My body usually tells me what it needs naturally—it’s more about listening to it and nurturing it during those difficult times. I always recommend having your comfort TV show or movie on in the background of whatever you’re doing. Mine is Friends. Not only does it make me chuckle, but it’s nice having some background noise. For some reason, I think background noise makes me feel more productive or less lonely in the moment.
Q: As a former beauty editor, I must ask: What is your skincare routine?
OOF, GIRL, yas! No one really knows this, but I absolutely love learning about everything skincare. My favorite products right now have to be the Niacinamide + Zinc tincture by The Ordinary, The Cult Classic Cleanser by Tula, and Kiehl’s moisturizer. I use these and have a very strict skincare regimen because I’m so prone to acne and blackheads. Oooh, and my exfoliator! I do that once a week.
Q: You clearly have a way with words. I just found your shirts on Bonfire, and the “Your softness never goes to waste” saying struck me. Where do these phrases come from?
Thank you so, so much! I love that one, too. It’s a gentle reminder that our kindness always makes an impact or that it is always purposeful! A lot of these thoughts and pieces come from lessons I learn from reparenting myself. I journal a lot, and then I reread what I’ve written and highlight what stands out to me. This line in particular was from a journal entry about being kind even when others are not.
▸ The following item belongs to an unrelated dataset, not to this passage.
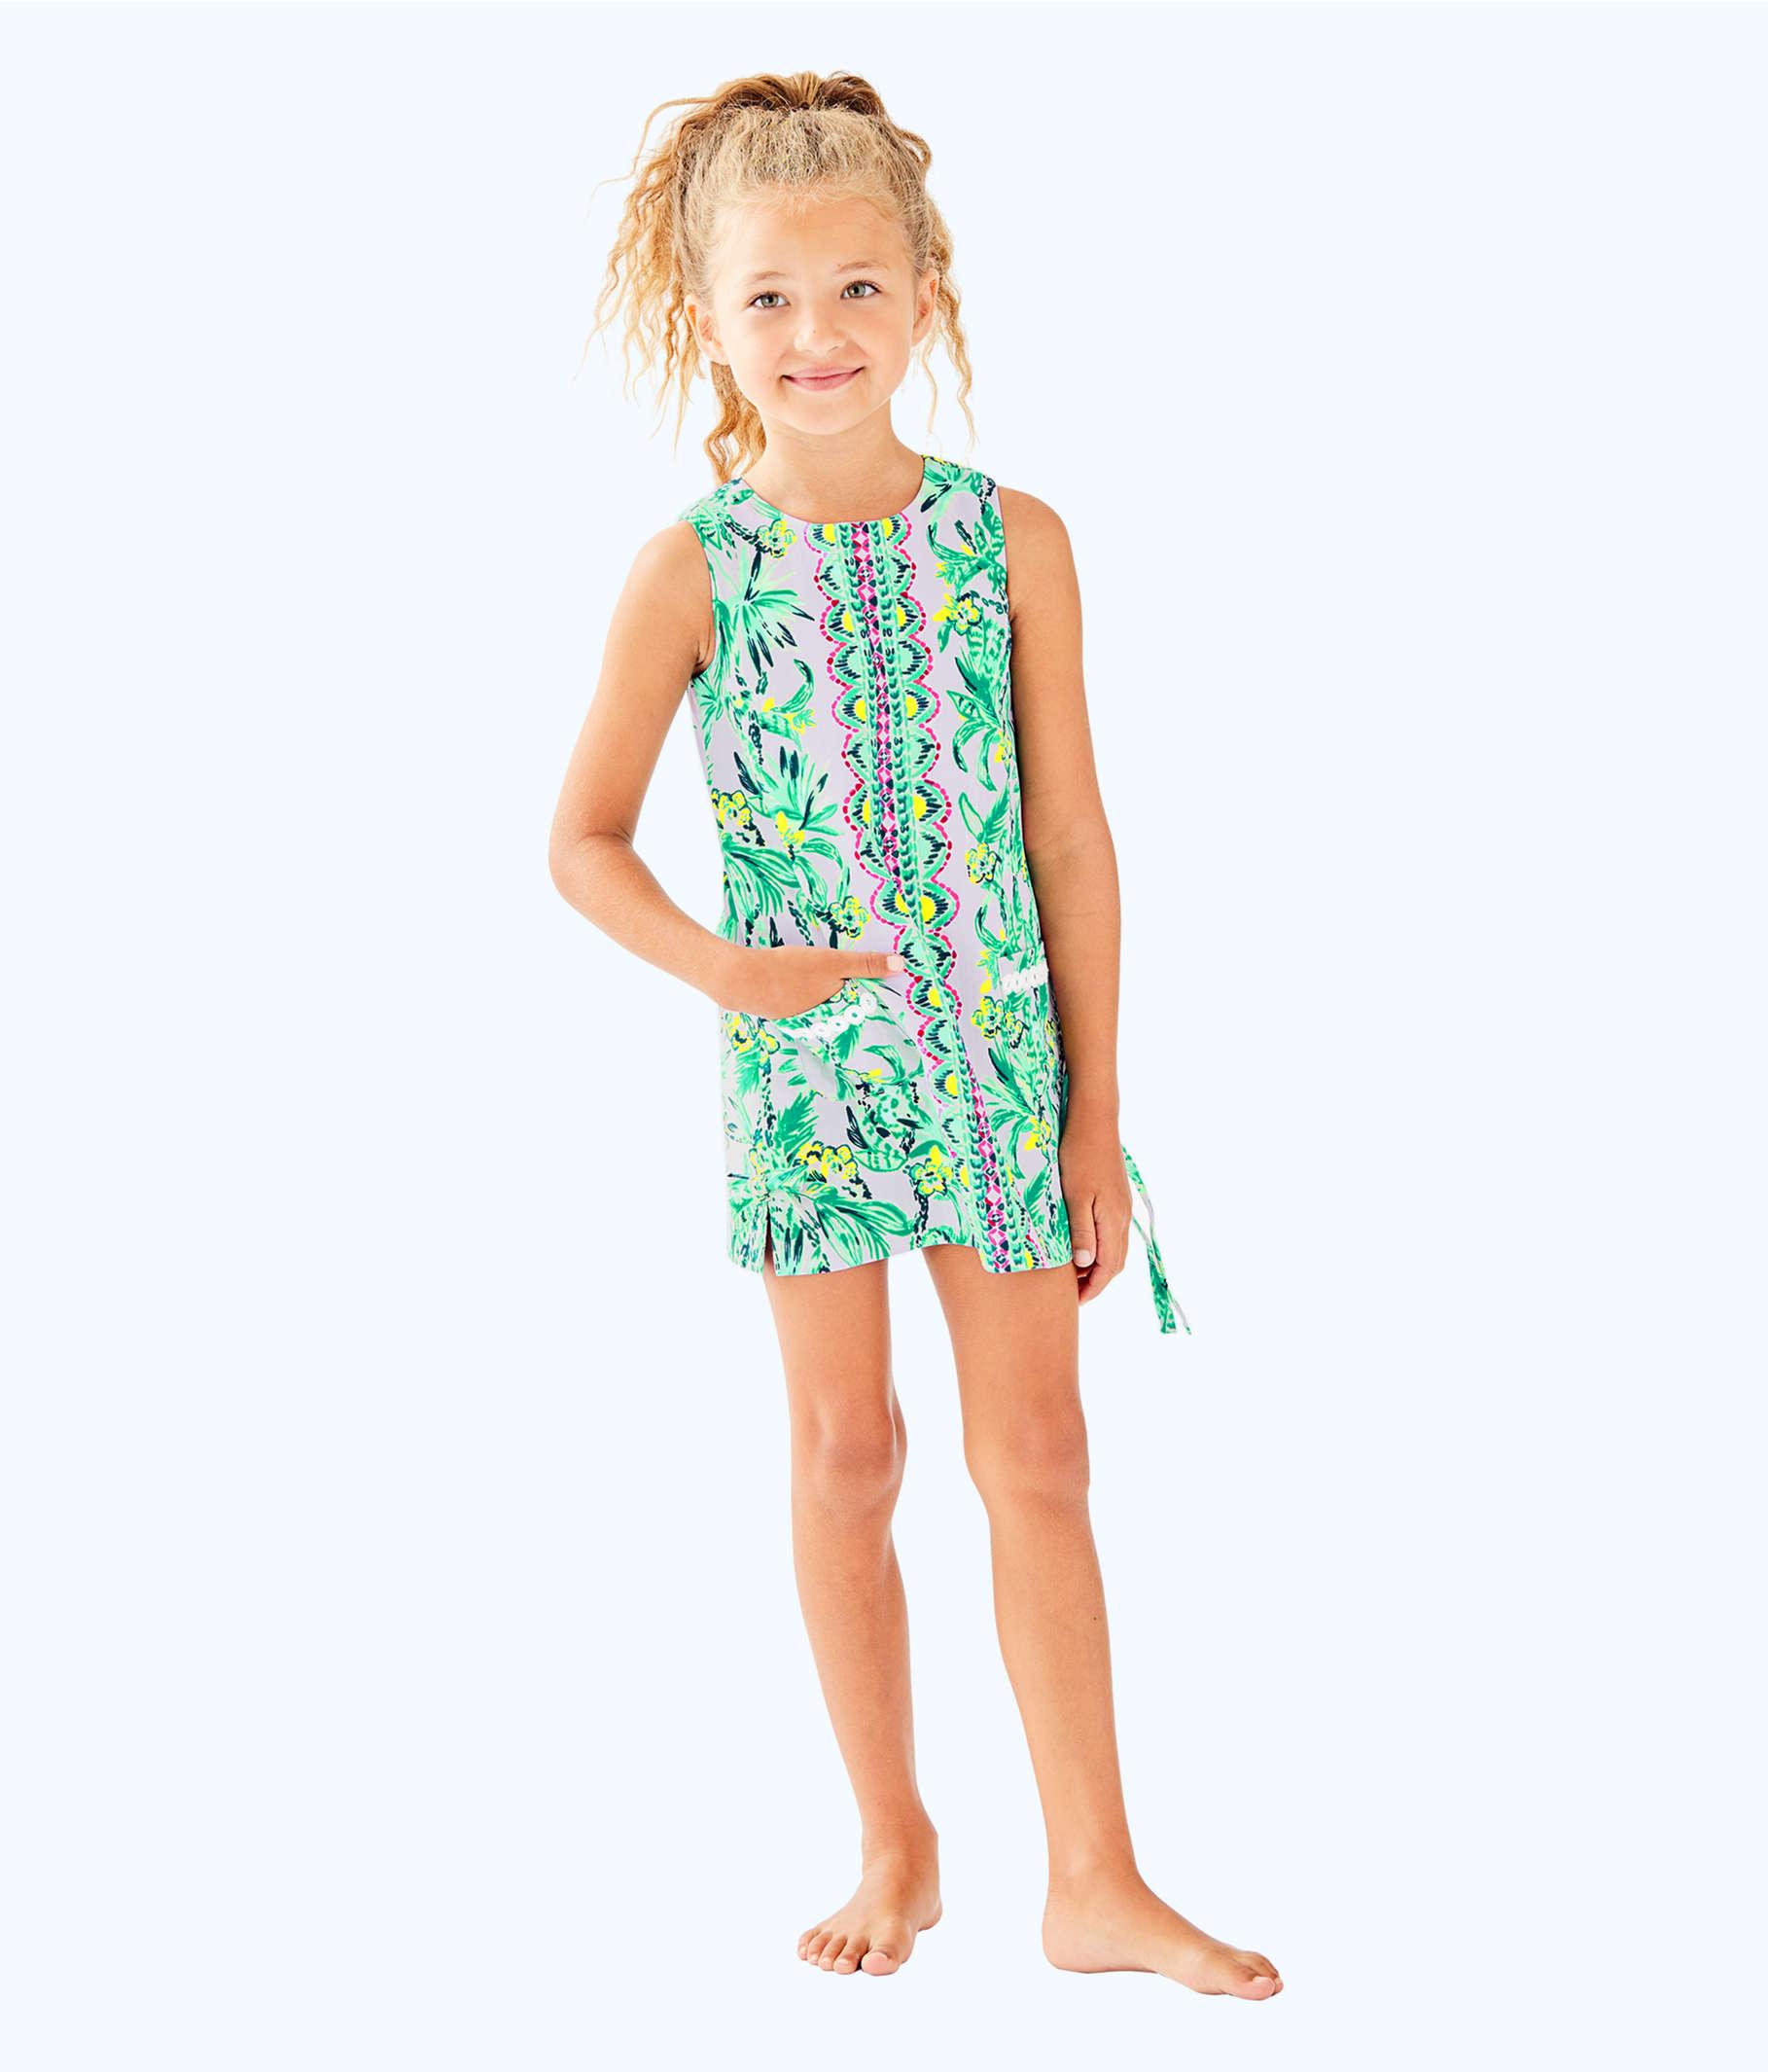 b532a6b5e ... Girls Little Lilly Classic Shift, Light Lilac Verbena Its Impawsible  Eng Kids, large ...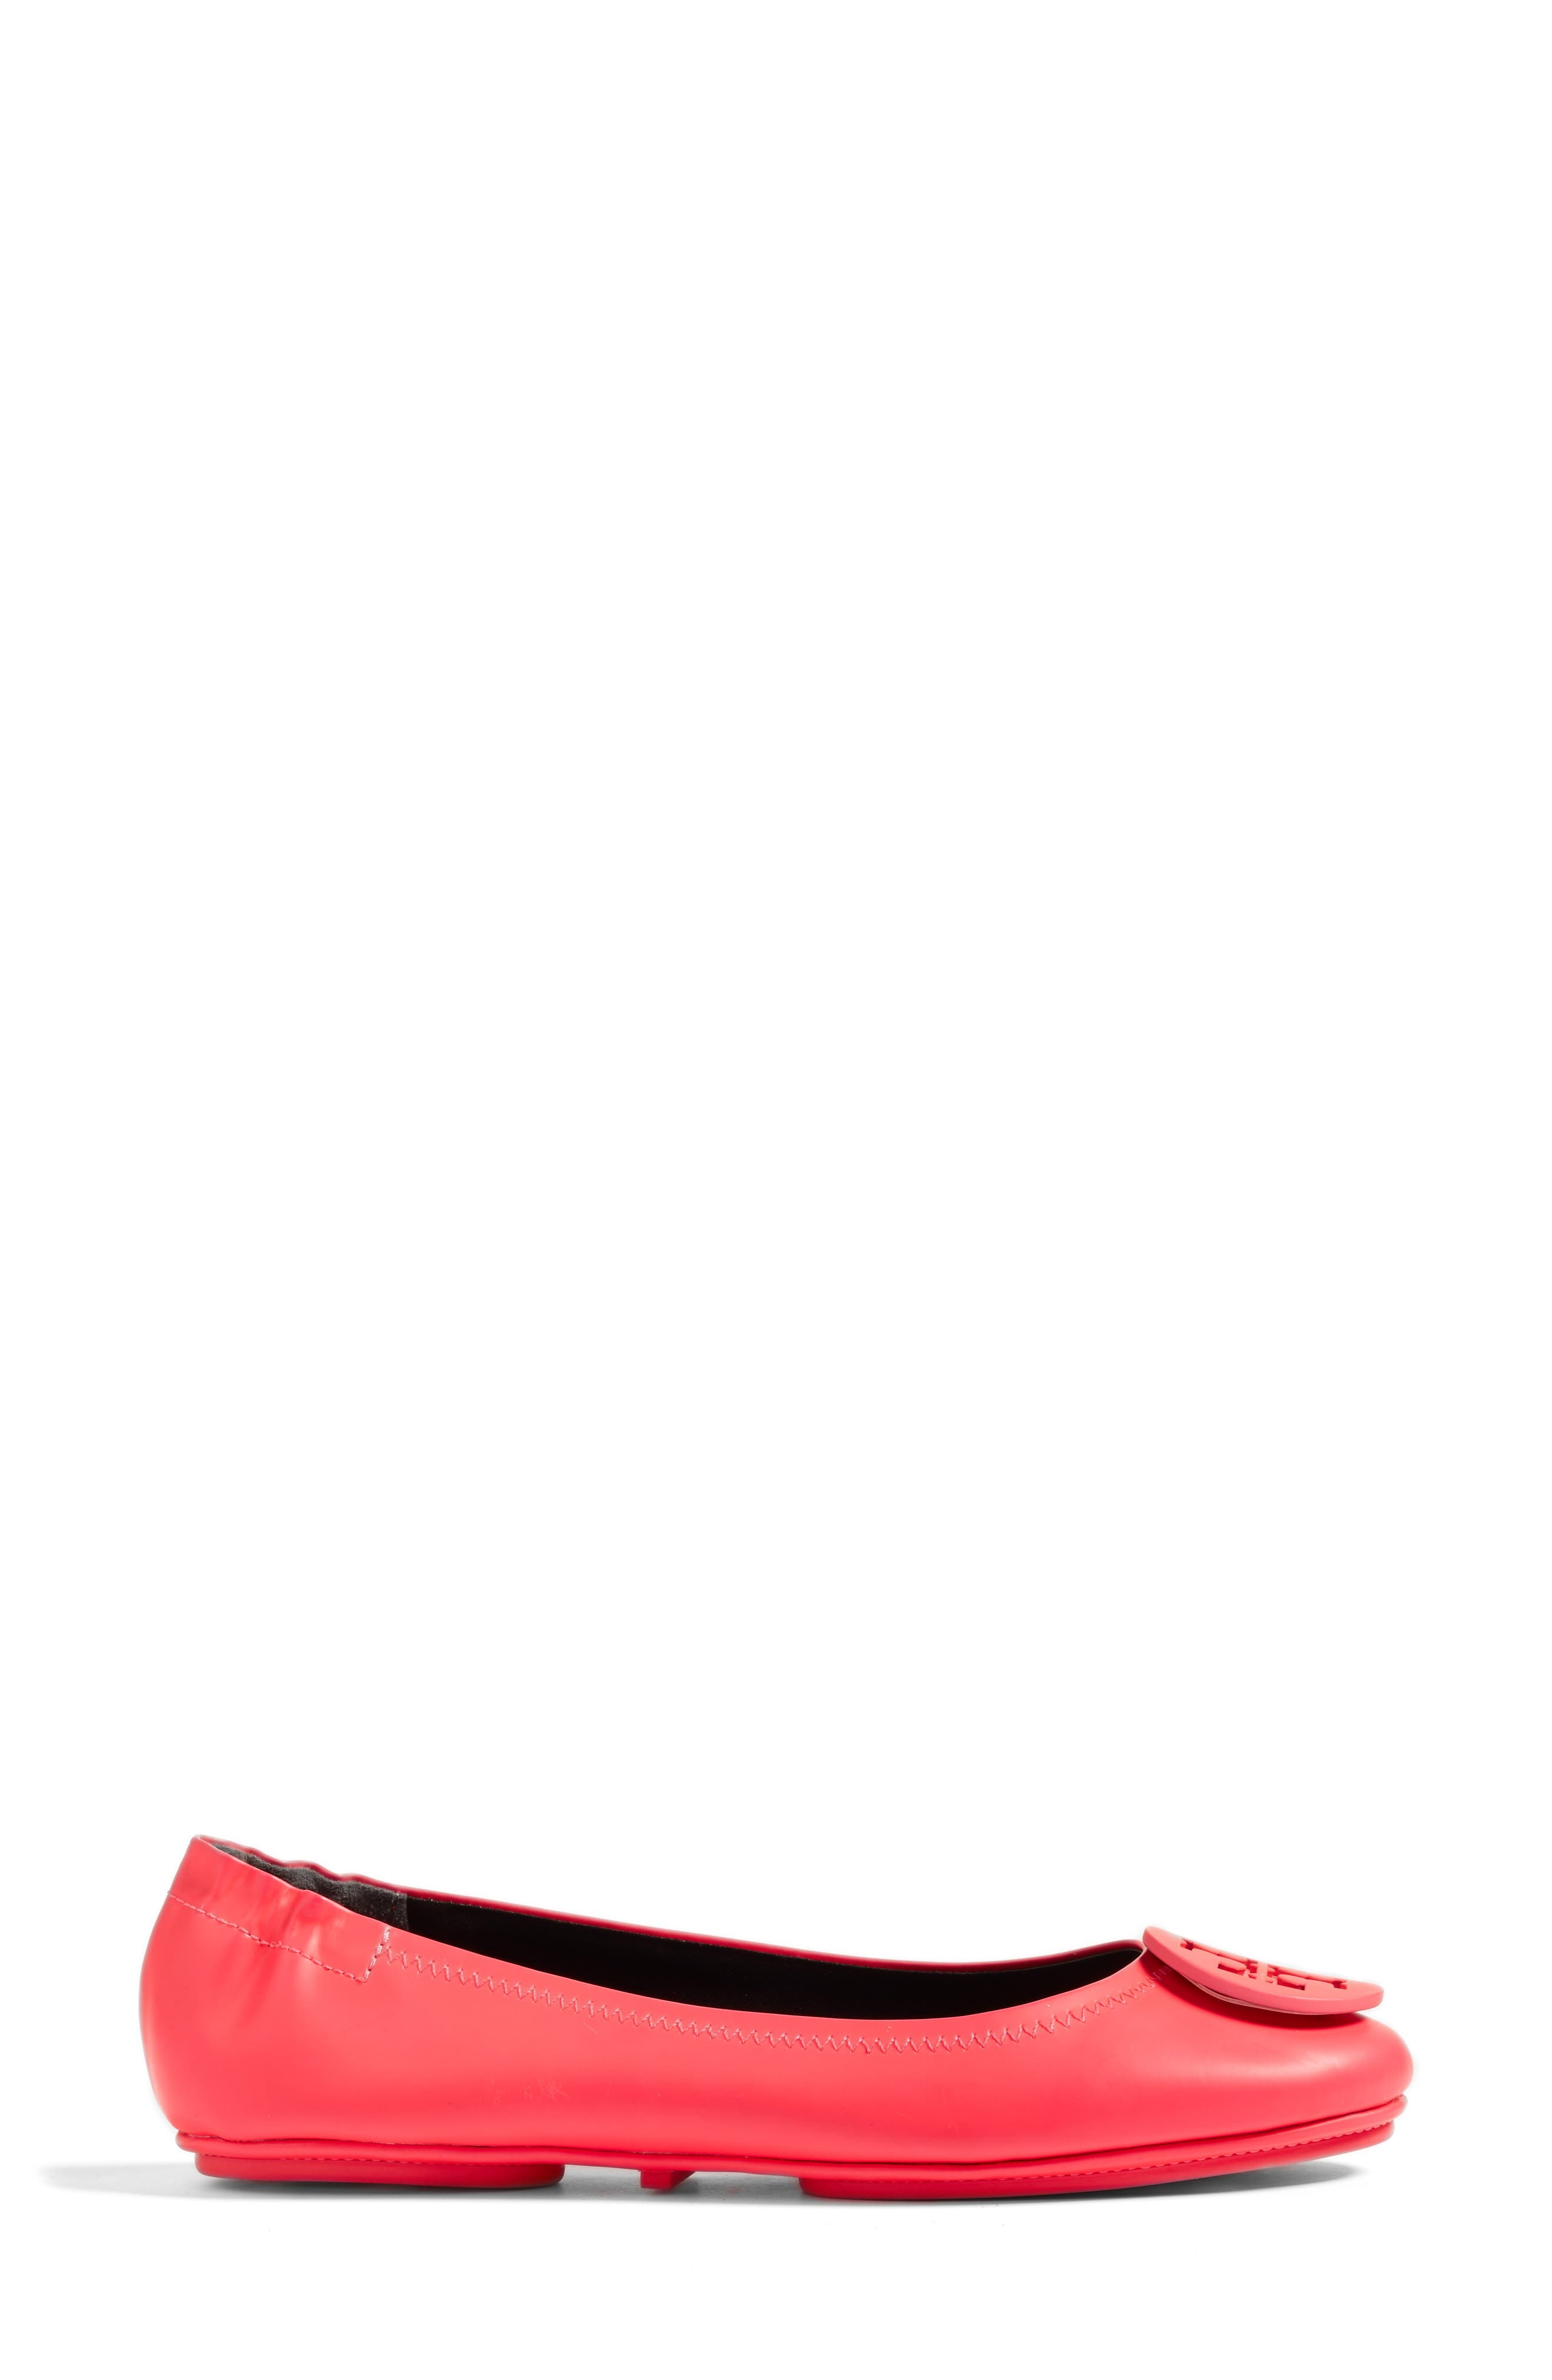 'Minnie' Travel Ballet Flat,                             Alternate thumbnail 201, color,

Q: Which phrase-on-shirt is your best-seller?
My best-selling shirt is a crewneck sweater that reads, “If anyone is magically going to appear and just suddenly make your life better, just know that person is always going to be you.” It makes you think. It calls you back into you and your responsibility to yourself.
Q: You’ve done so much already but still write about not “keeping up” with yourself. Personally, I put high expectations on what I need to achieve, and I almost self-shame when I’m not where I think I need to be. What’s a realistic way to deal with that?
I’m so glad you brought this up—it’s actually something that I feel that I’ve genuinely gotten much better at. I, too, set extremely high expectations on what I need to get done. I used to consider myself a failure, or irresponsible, if I didn’t achieve every single thing on my list. I’m a big “list” person; it helps me stay organized.
The issue with making big lists is that we tell our brains that every single thing on that list needs to be done. There’s a really awesome way to re-work this: Make the list. Then, break down the list. What’s a priority for today? What can be done this week, or next week? What is something you’d like to get done but isn’t totally necessary in this moment?
If you think about it, you could sit and add to a list all day if you wanted to. Life is always changing, and each day brings a new task or “thing” that could be done. The trick is to not over-list yourself. Having smaller lists for each day, by priority, is so helpful because it’s less expectation from your daily energy levels.
When we cross things off of our list after they’re finished, we feel good, right? Imagine that list was smaller every day. We’re getting the main things done and not beating ourselves up for what is left unfinished, right?